Cadet se mit à pleurer, sans que sa bouche cessât de sourire comme c’était son habitude invincible. Quant à Marsillat, il fut touché de la reconnaissance de Jeanne, et une sorte d’affection dont il était loin d’être incapable vint se mêler à son désir sans en diminuer l’intensité. Il avait le cœur bon et la conscience peu farouche. Il rêva un instant au moyen de concilier sa passion avec sa loyauté, et le compromis fut assez lestement signé. C’était un homme d’affaires si habile !

— Maintenant, dit Guillaume en se rapprochant de Jeanne, peux-tu me dire, ma chère enfant, pourquoi tu veux me retirer le droit de m’occuper de ton sort ?

— Je ne vous refuse pas ça, mon parrain. Vous me conseillerez où je dois me retirer ; et si j’ai besoin de crédit pour acheter mon deuil, vous me permettrez de me recommander de vous. C’est bien assez ; je ne veux rien de plus.

— C’est ce que nous verrons, Jeanne. D’où te vient donc cette fierté ? c’est de la méfiance contre moi.

— Oh ! ne croyez pas ça, mon petit parrain, je n’en suis pas capable ! mais je vas vous dire, j’ai des raisons de refuser votre argent, à cause de vous, et j’en ai aussi à cause de moi. Les raisons à cause de vous, c’est que vous ne savez pas encore si votre mère sera consentante de tout ça, et qu’un jeune homme comme vous, ça n’a pas toujours plus d’argent que ce n’est de besoin.

— Qui t’a appris ces choses-là, Jeanne ?

— C’est M. Marsillat, qui s’y connaît bien ; pas vrai, monsieur Marsillat, que vous m’avez dit, à ce matin, avant de revenir à Toull, que mon parrain n’avait pas encore la jouissance du bien de son père, et que ça le gênerait beaucoup de me payer ma maison ?

— Ah ! s’écria Guillaume en regardant fixement Léon, vous avez eu la bonté de vous occuper de mes affaires à ce point ?

— Est-ce que je t’ai parlé de cela, Jeanne ? je ne m’en souviens pas, dit Marsillat, avec le ton d’une profonde indifférence.

— Oh ! vous devez bien vous en souvenir, monsieur Léon ! à telles enseignes, que vous avez eu la bonté de m’offrir de faire rebâtir ma maison, disant que vous, ça ne vous gênerait en rien.

— Ah ! s’écria Claudie, dont les yeux s’arrondirent comme ceux d’un chat, M. Léon t’a proposé ça ?

— Je comprends, dit Guillaume avec amertume ; M. Léon préfère être ton bienfaiteur, et tu préfères ses bienfaits aux miens, Jeanne ?

— Oh ! non, mon parrain, je sais bien ce qui est convenant, et ce qui ne l’est pas. M. Marsillat n’est pas mon parrain, et il parlait comme ça par amitié pour vous, et par grande charité pour moi. Mais je lui ai bien dit, comme je lui dis encore devant vous, que si j’acceptais ça, je ferais mal parler de moi, et que ça me rendrait un bien mauvais service.

— Vous parlez avec bonté et avec sagesse, Jeanne, dit le curé.
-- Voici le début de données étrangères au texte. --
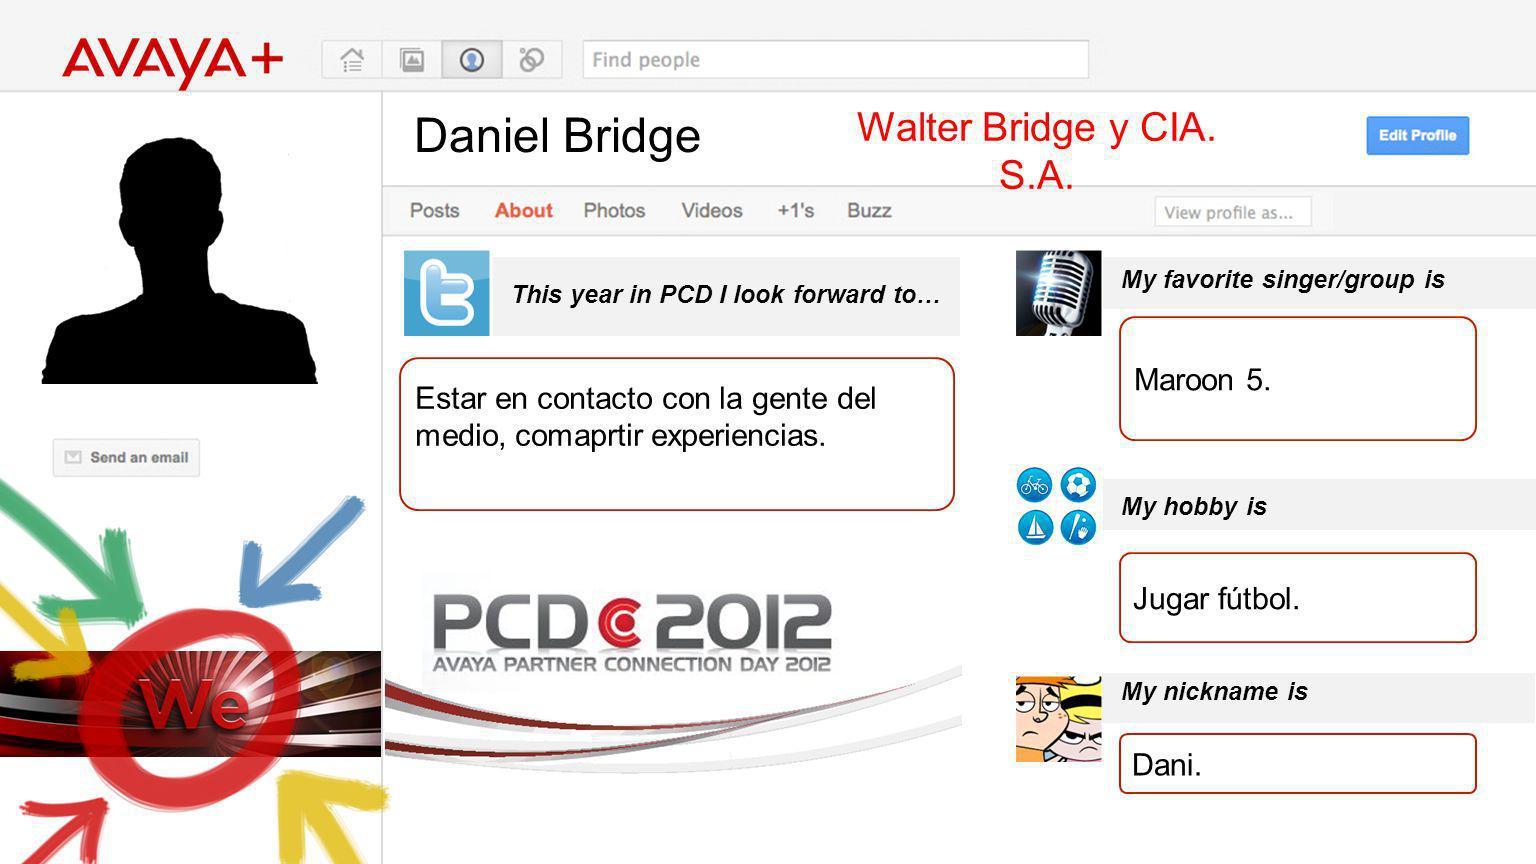 Daniel Bridge This year in PCD I look forward to… Walter Bridge y CIA. S.A. Estar en contacto con la gente del medio, comaprtir experiencias. My favor

— Oh ! non, monsieur le curé, dit Jeanne, je parle dans la vérité de mon cœur. J’ai bien de l’obligation à M. Marsillat, mais je n’accepterai jamais ça.

— Peste soit de l’innocente ! pensa Marsillat, très-mortifié de voir ébruiter avec tant de bonne foi ses tentatives de séduction.

— Tant qu’à la maison, reprit Jeanne, il n’y faut pas songer, mon parrain, ça ne me ferait ni chaud ni froid de la voir neuve. Ça ne serait jamais la même maison où ma mère m’a élevée, où elle a vécu, où elle a mouru. J’ai donné les meubles à ma tante, il le fallait bien pour la déchagriner un peu. Des meubles neufs, je n’en ai pas besoin. Pour moi toute seule, qu’est-ce qu’il me faut ? j’aurais aimé ce qui m’aurait venu de ma mère, voilà tout.

— Cependant, dit Marsillat avec l’intention de repousser les soupçons de Guillaume et de M. Alain, avec votre maison vous auriez trouvé facilement un mari, ma pauvre Jeanne ? au lieu qu’à présent… !

— À présent ? s’écria ingénument Cadet, alle en trouvera un tout de même quand que c’est qu’alle voudra… Alle peut bien se passer de maison, allez !

— Serait-ce là l’amant préféré de la belle Jeanne ? pensèrent en même temps Guillaume et Léon, en tournant leurs regards sur la figure épaisse et rebondie du gros Cadet.